### INPUT DATA
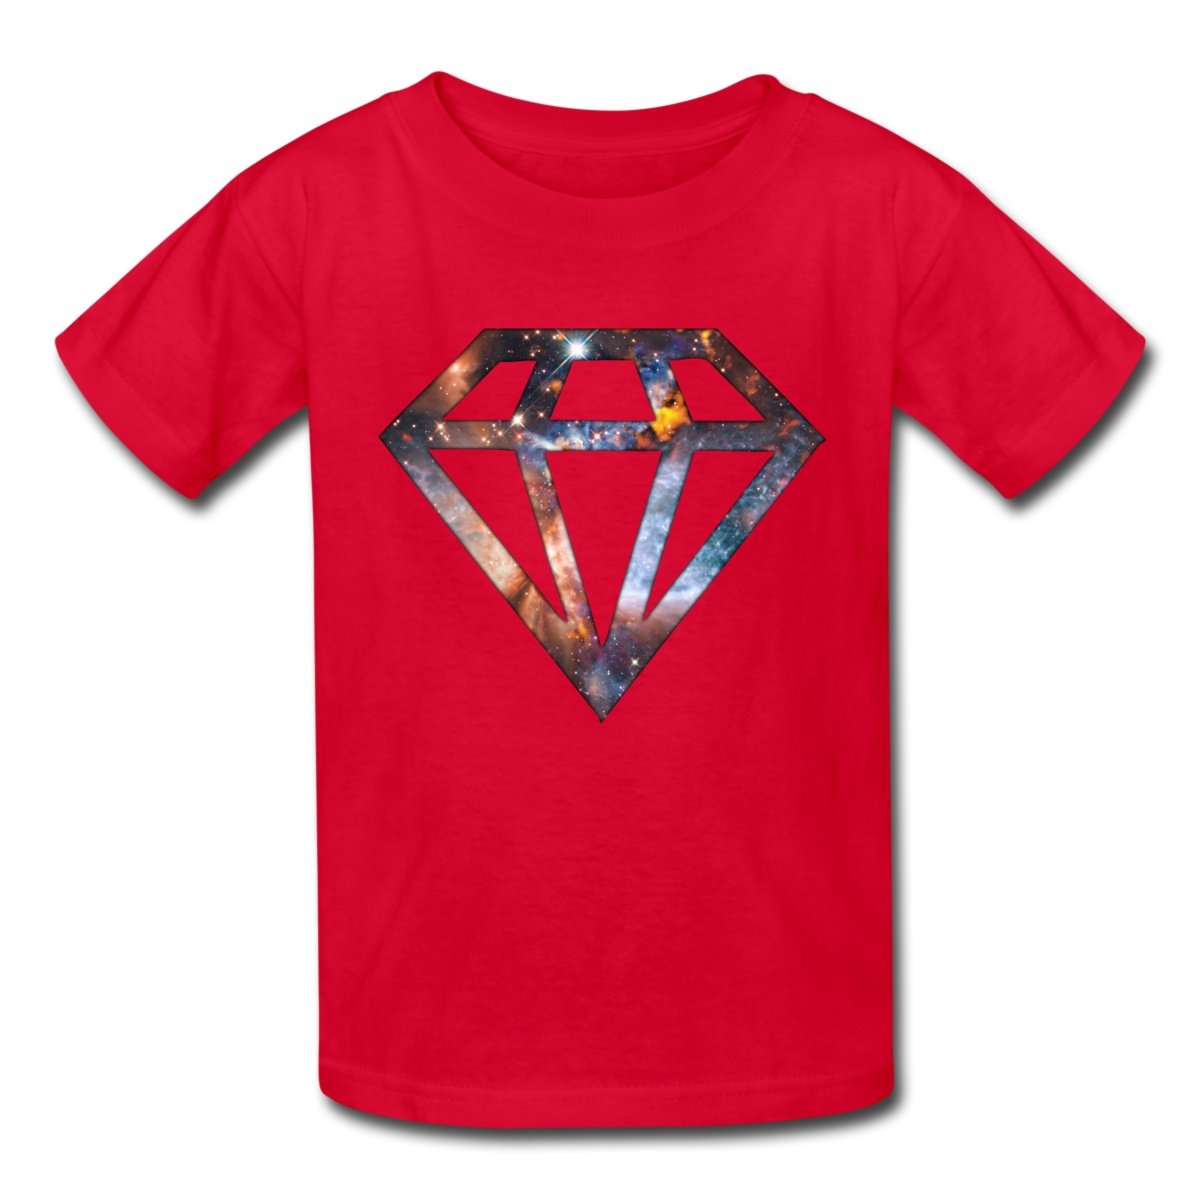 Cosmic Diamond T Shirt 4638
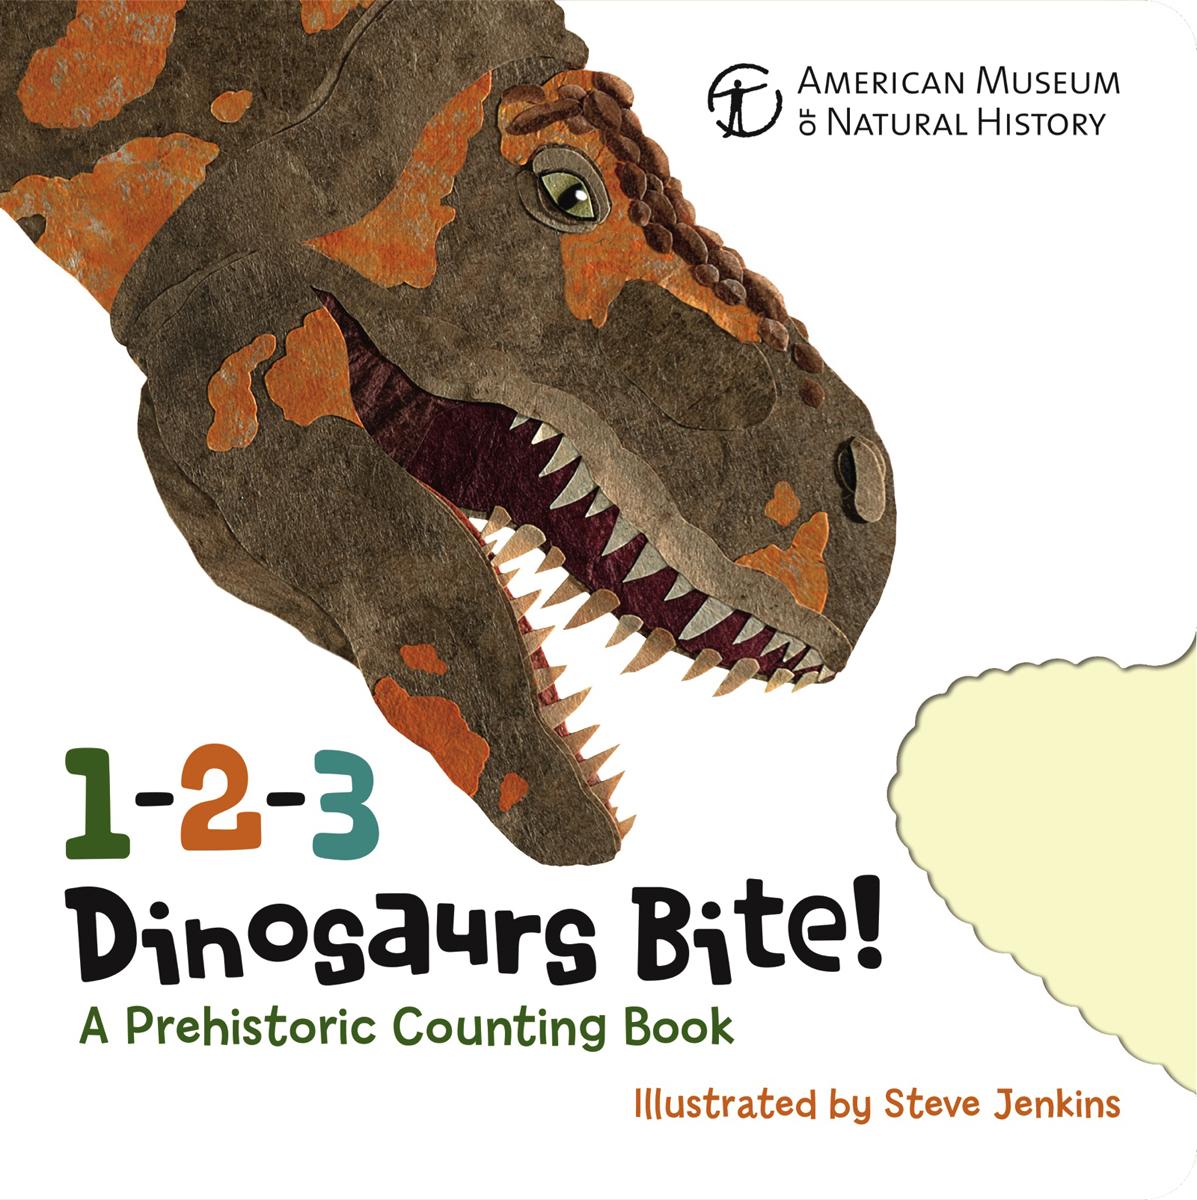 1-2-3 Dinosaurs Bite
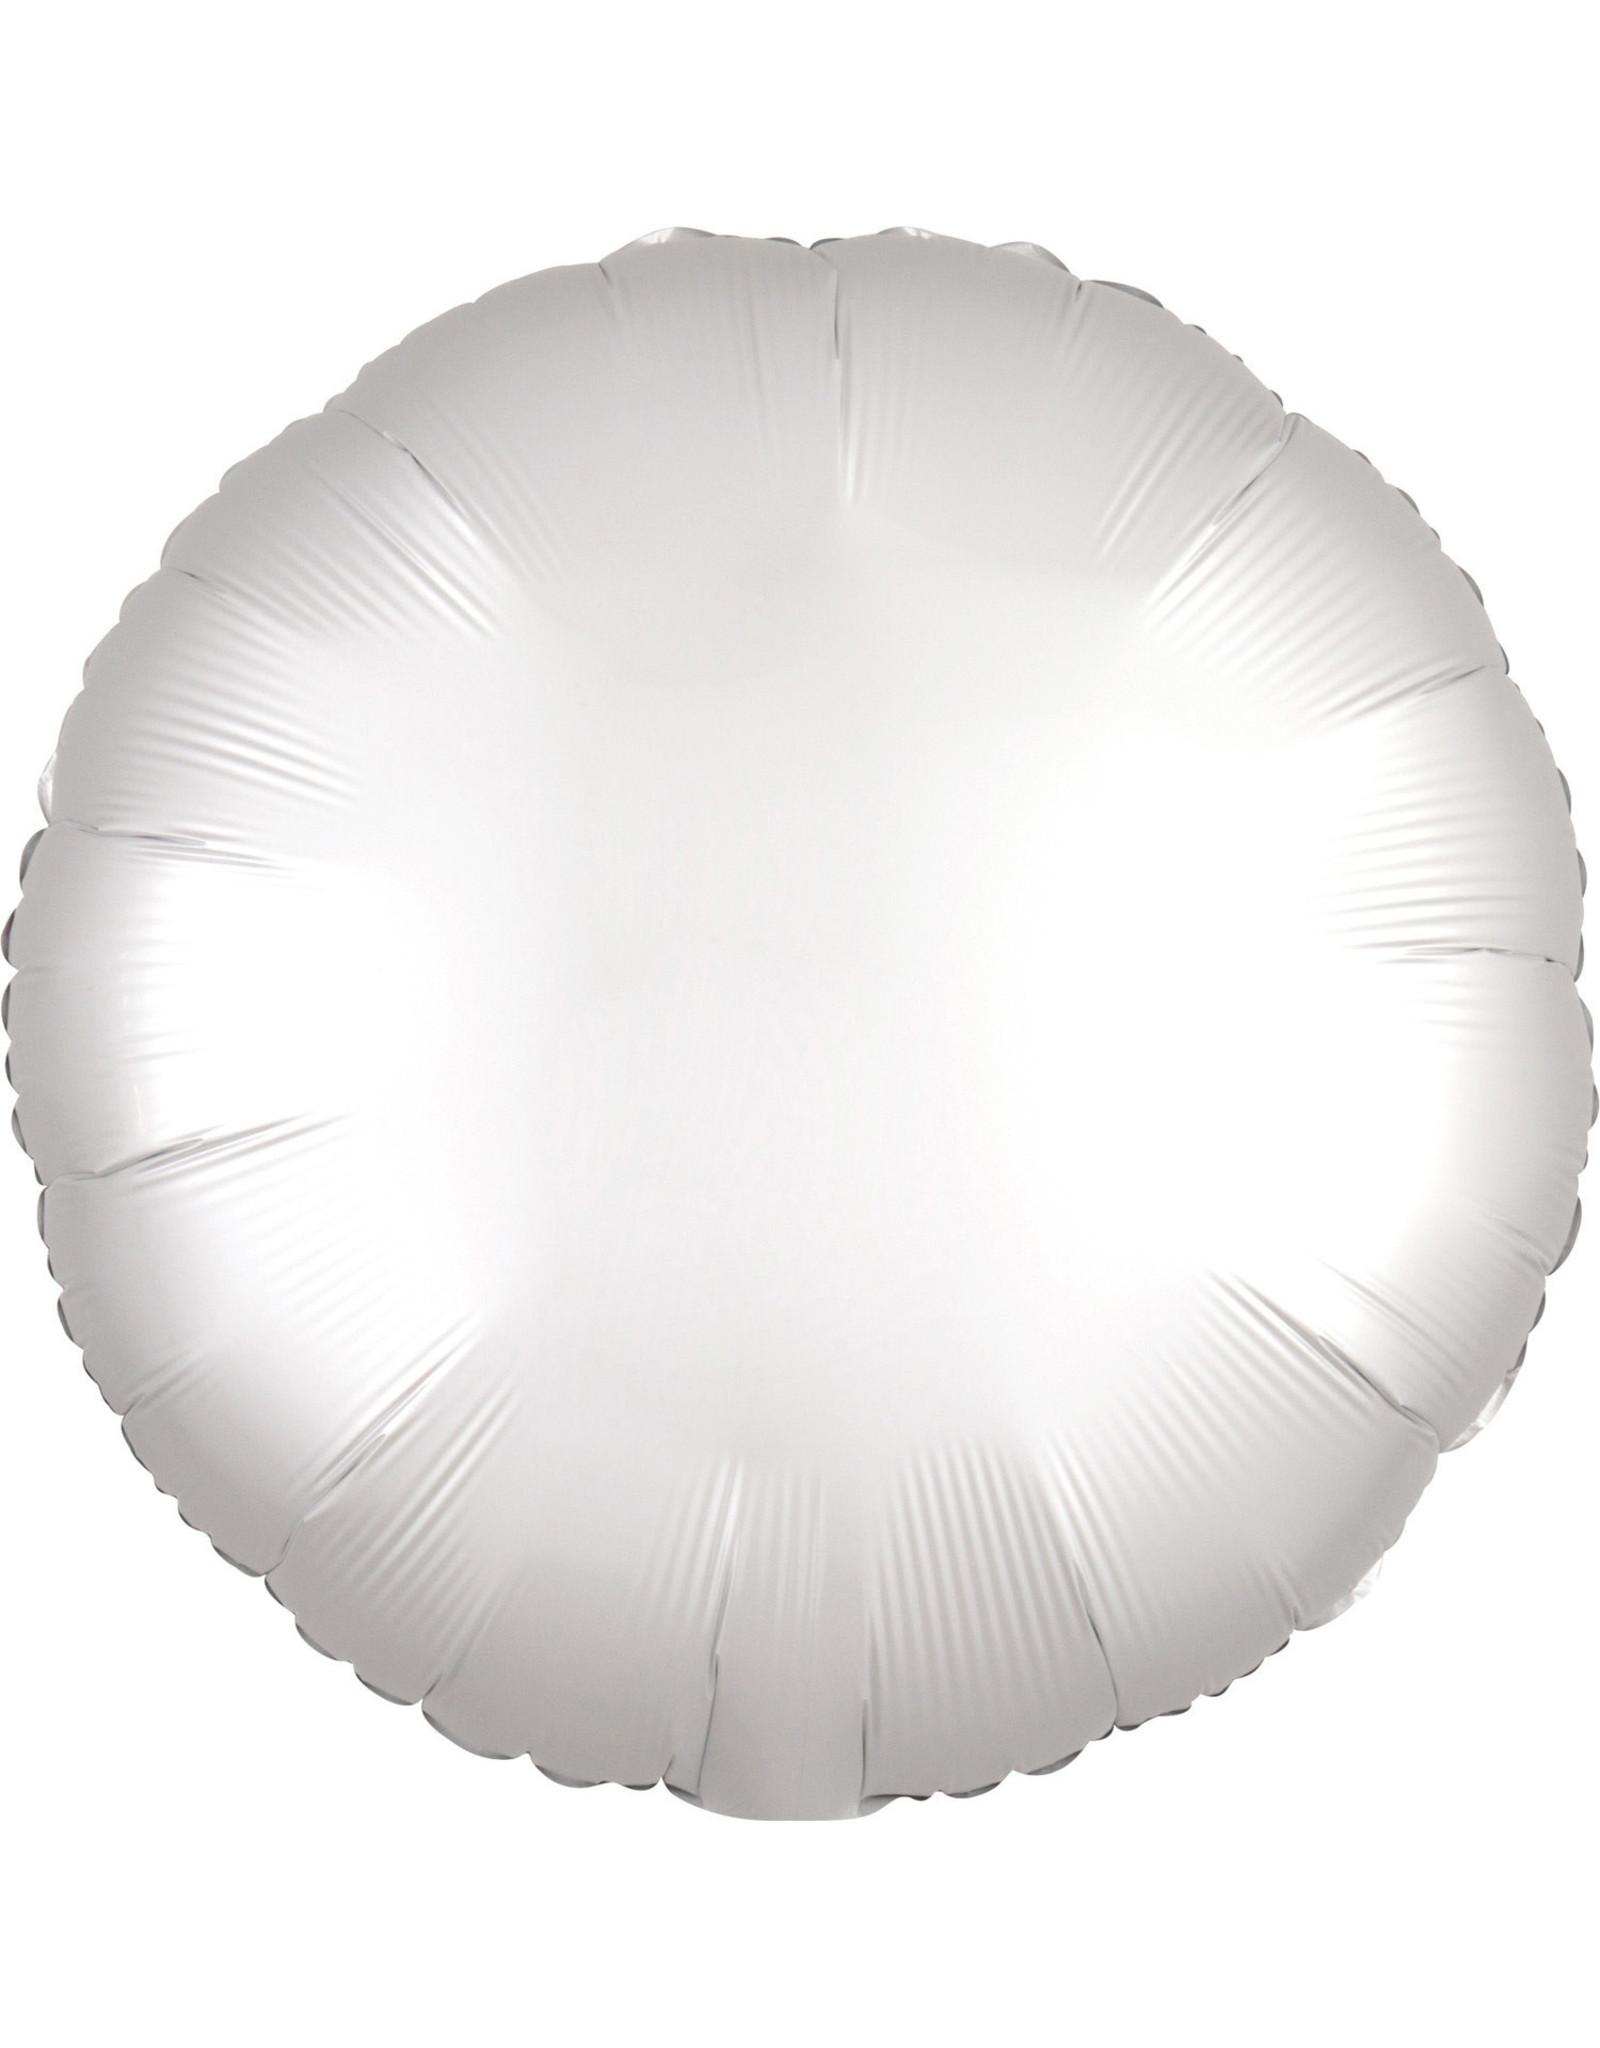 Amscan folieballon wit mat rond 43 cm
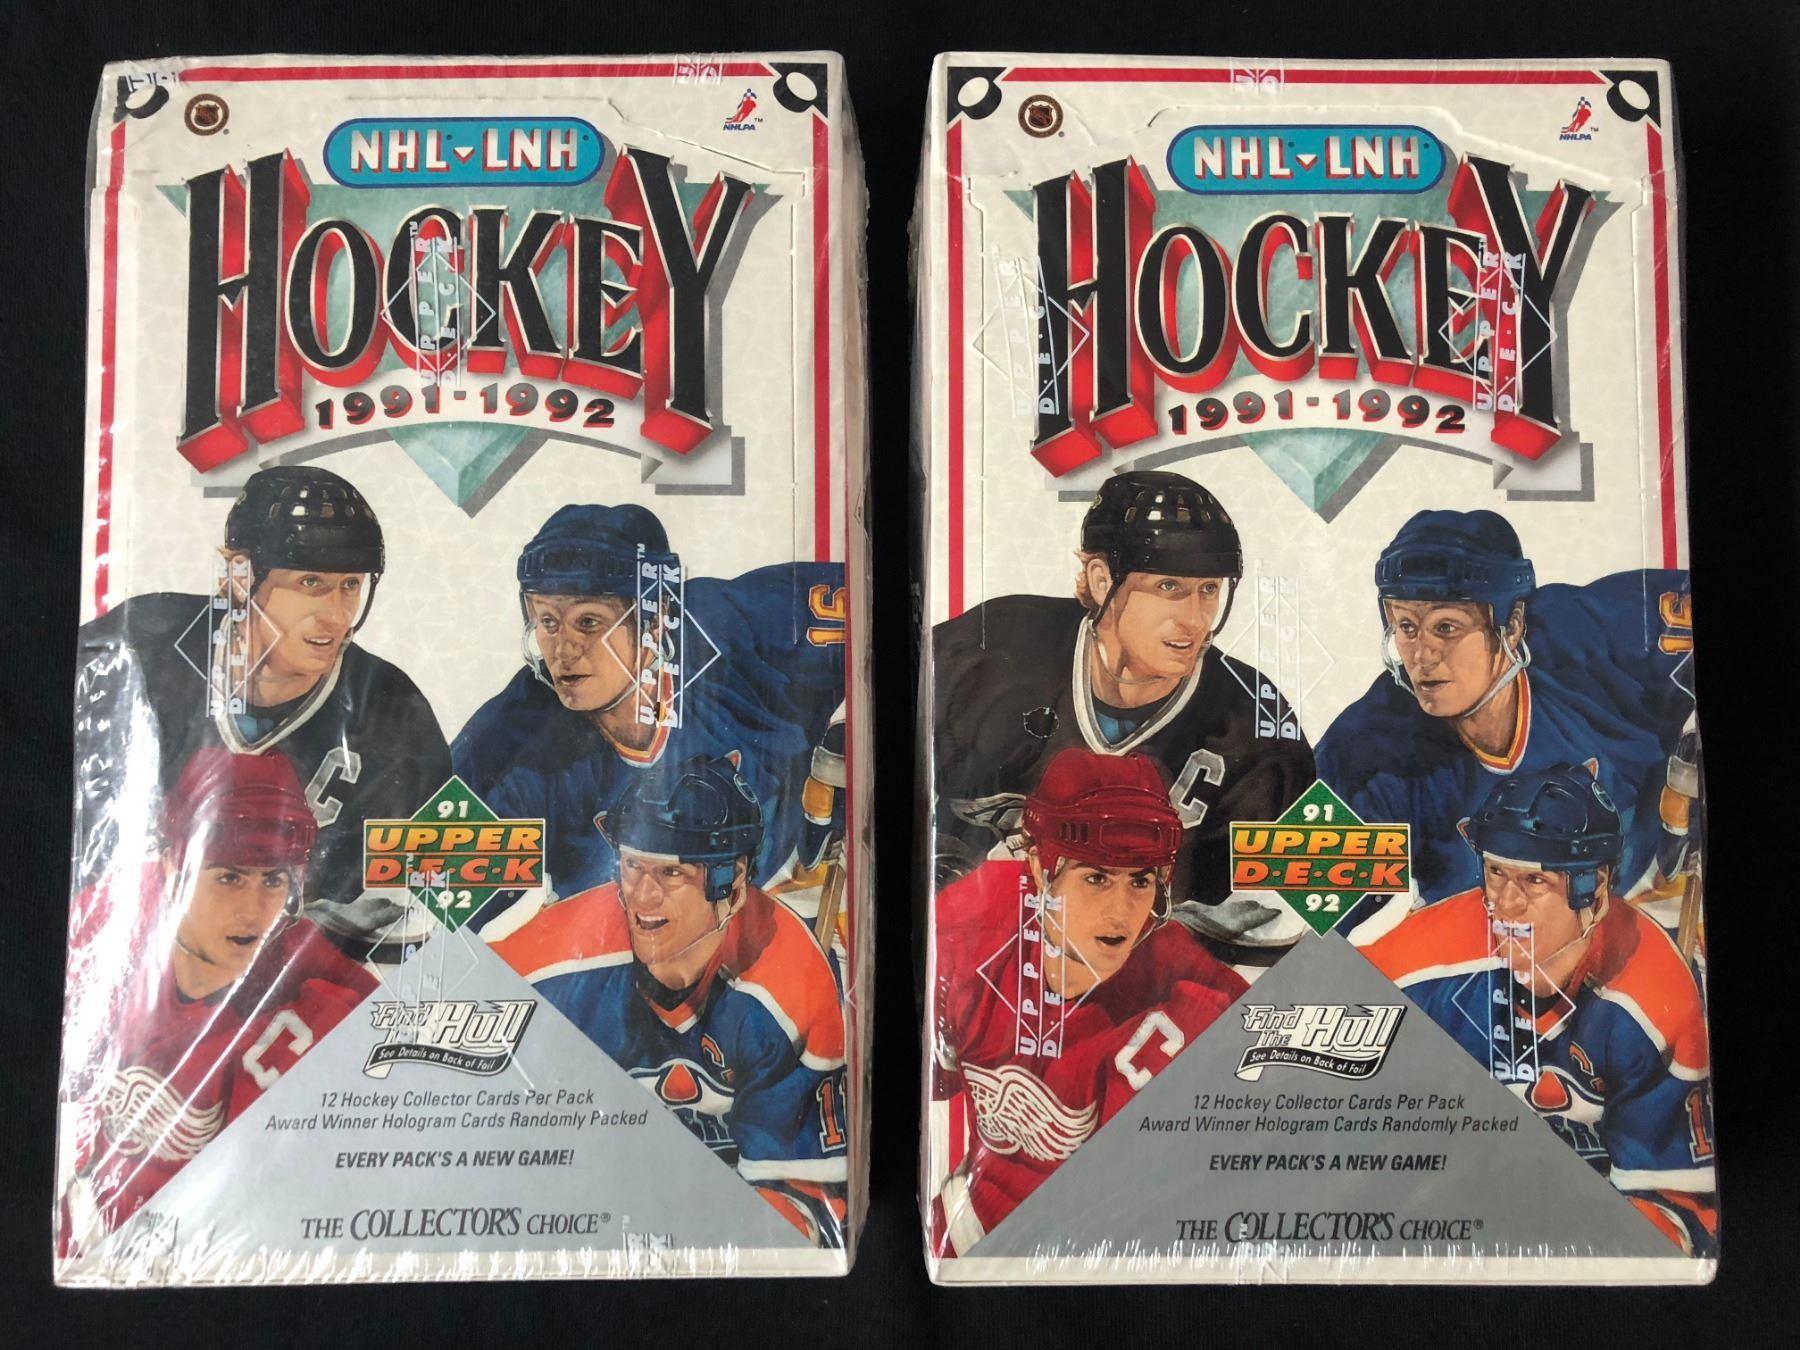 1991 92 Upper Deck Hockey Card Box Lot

### EXERCISE GOAL
Set down the data again, exactly, without images.

### YOUR RESPONSE
 Cosmic Diamond T Shirt 4638
 1-2-3 Dinosaurs Bite
 Amscan folieballon wit mat rond 43 cm
 1991 92 Upper Deck Hockey Card Box Lot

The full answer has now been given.